Thursday, November 01, 2007

Urban water pricing

Today I have been at the Wodonga campus of La Trobe University attending an interesting workshop on urban water pricing.

John Quiggin introduced the major ideas of the workshop with an interesting paper presented by teleconferencing from the University of Queensland. The actual teleconferencing worked quite well from our perspective though John could not see us. He looks very different without his trademark beard!

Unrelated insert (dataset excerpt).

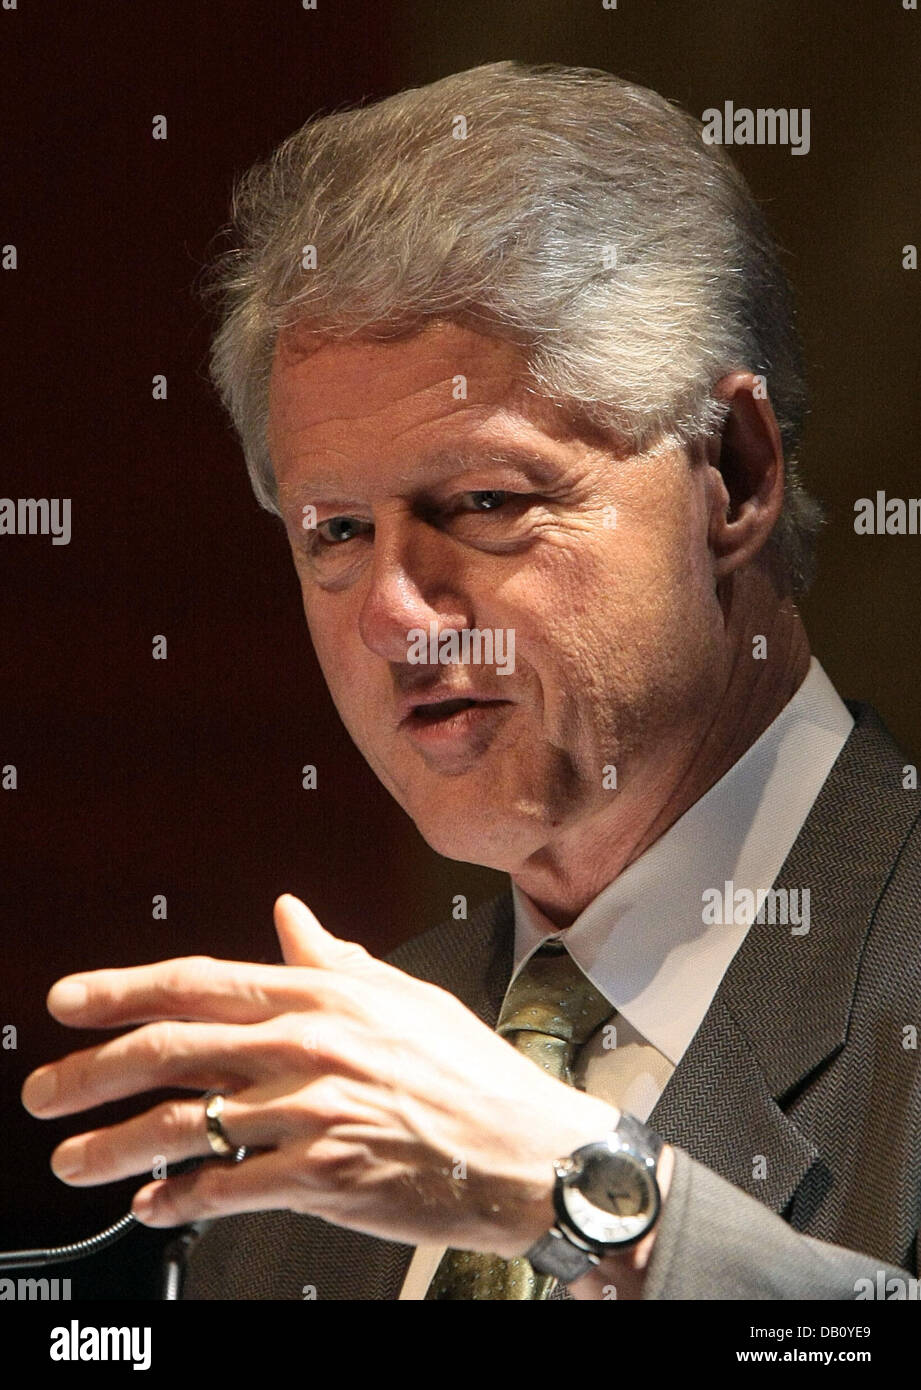 Ehemalige US Präsident Bill Clinton hält eine Ansprache auf die Weltpolitik in Hamburg, Deutschland, 7. Oktober 2007. Clintons Rede behandelt Themen wie Terrorismus um Umweltfragen. Foto: Ulrich Perrey Stockfoto

John noted the role of increasing population and what seems to be a longer-term trend of reduced flows into the water catchments of Australia’s major cities in creating an urban water problem. His general perspective is that in the short-run restrictions on water use have strong effects but price changes affect mainly incomes not demand. Longer-term restrictions wear out in usefulness but price changes have a more substantial effect. Hence use restrictions for short-term water supply issues but longer-term rely on price. Using restrictions to address long-term water shortages also reduces the availability of a key policy instrument for addressing short-term crises.

He argued that everyone agrees that prices must rise. The limit to price rises is the backstop cost of recycling water or the use of desalination technology which John valued at about $1-50 per kilolitre. This backstop cost can be much lower if rural water users can sell their water to urban users as they potentially can in, for example, Melbourne.

John’s suggested pricing scheme was a two part pricing scheme that would allow families a 50 kiloliter allowance per family member free coupled with marginal cost pricing at around $1-50 per kilolitre beyond that. This is a demogrant proposal – a lump sum grant made to families on the basis of some demographic characteristic – in this case just the number of family members. The idea is that most people will consumer in excess of 50 kilolitres per year so most families will pay the long-run marginal cost of water use boosted to account for the cost of the free allowance – so the scheme will be self-funding.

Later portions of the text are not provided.